For the final diagnosis, criteria of the International Classification of Diseases and Related Health Problems tenth revision (ICD-10) and Diagnostic and Statistical Manual of Mental Disorders (DSM-5) were used.29,31

Cultural Consideration

In case identification, the study team discussed cultural specifics, and all potential sources of bias carefully addressed. Two bilingual translators, whose mother language was Georgian translated the SDQ from English to Georgian. Additional bilingual translators, not involved in translation, discussed and resolved discrepancies between the 2 translators.

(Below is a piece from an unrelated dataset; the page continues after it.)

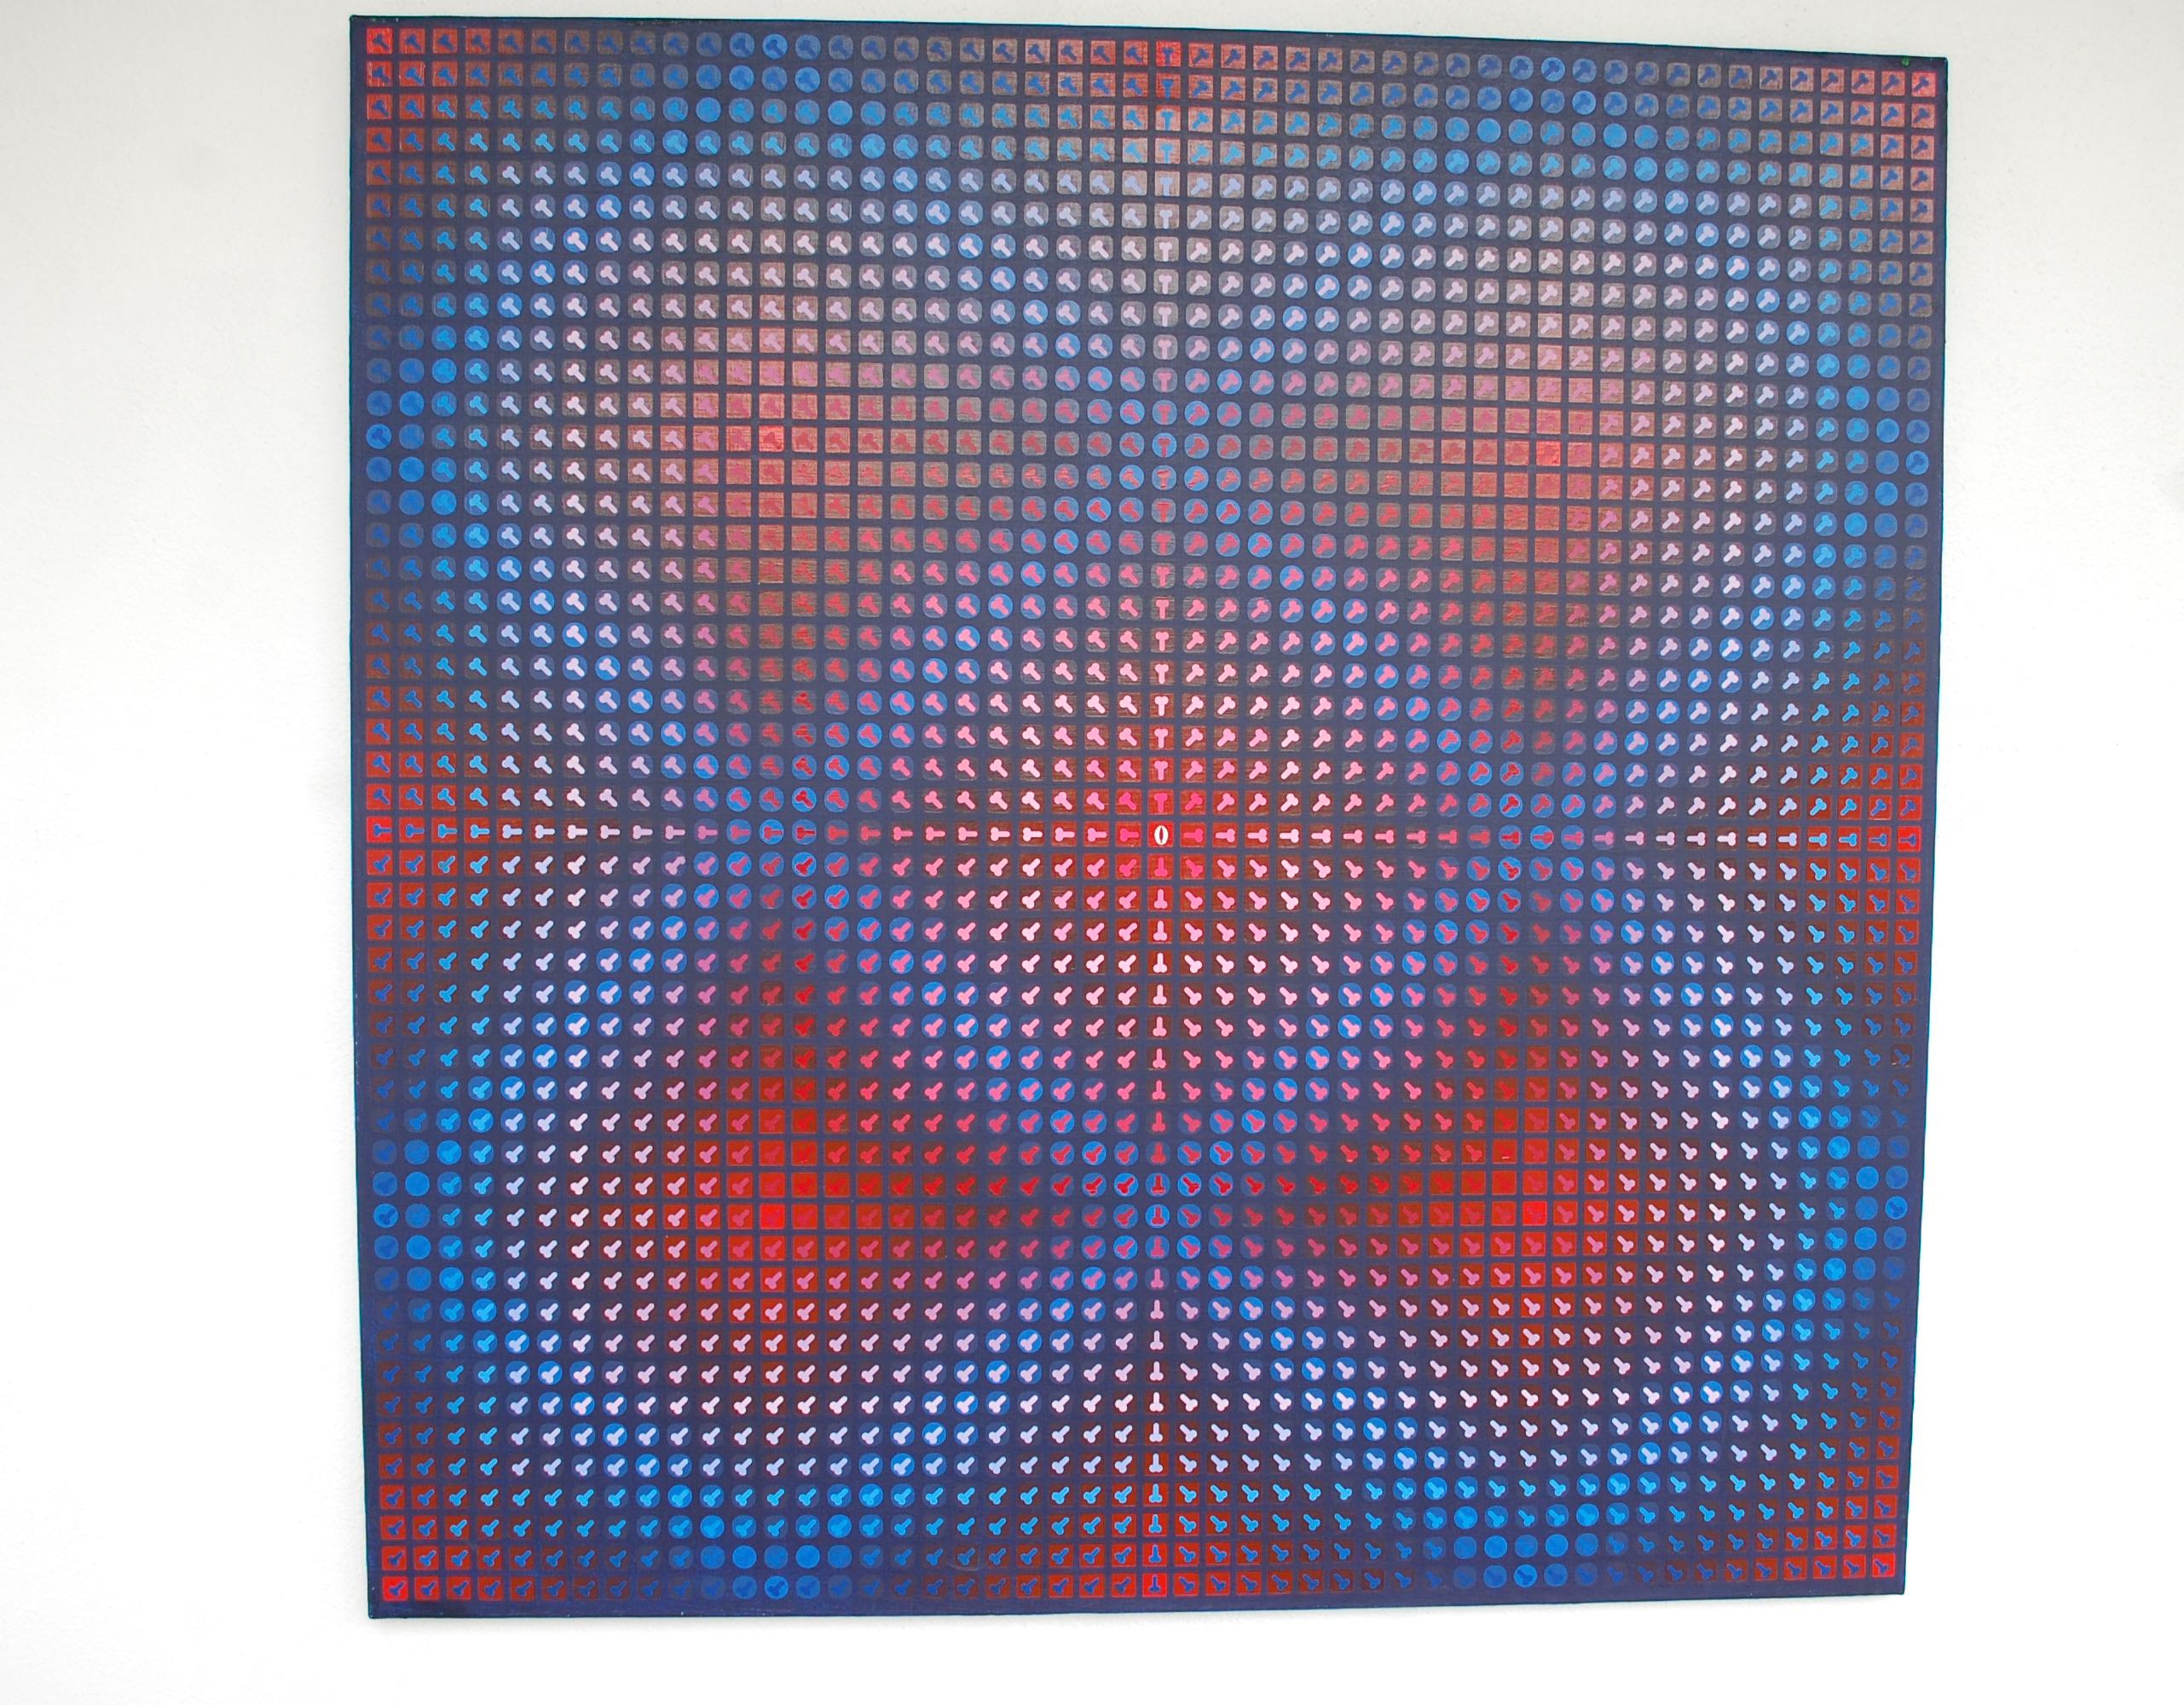 Blaue und rote Prinzessin Schneewittchen Op Art Acryl auf Leinwand. Größe 39x39x1
1999 erhielt der Künstler Pawel Wasowski sein Diplom und 2008 seine Doktorarbeit an der Fakultät für Architektur der Technischen Universität in Warschau, Polen.

Georgian speaker with advanced mastery in the English language, blinded to the original English version of SDQ, and back-translated from Georgian to English. The original and translated questionnaires were compared. All items of the questionnaire were reviewed and discussed by the group of mental health team members and parents. They carefully checked the idiomatic, semantic, conceptual, and experiential equivalence of the translated and original versions. To resolve discrepancies, consensus was reached on all items. A focus group of 22 persons including teachers and parents were pilot tested the final version of the Georgian SDQ. They were asked using open-ended questions if translated each item retained the original meaning.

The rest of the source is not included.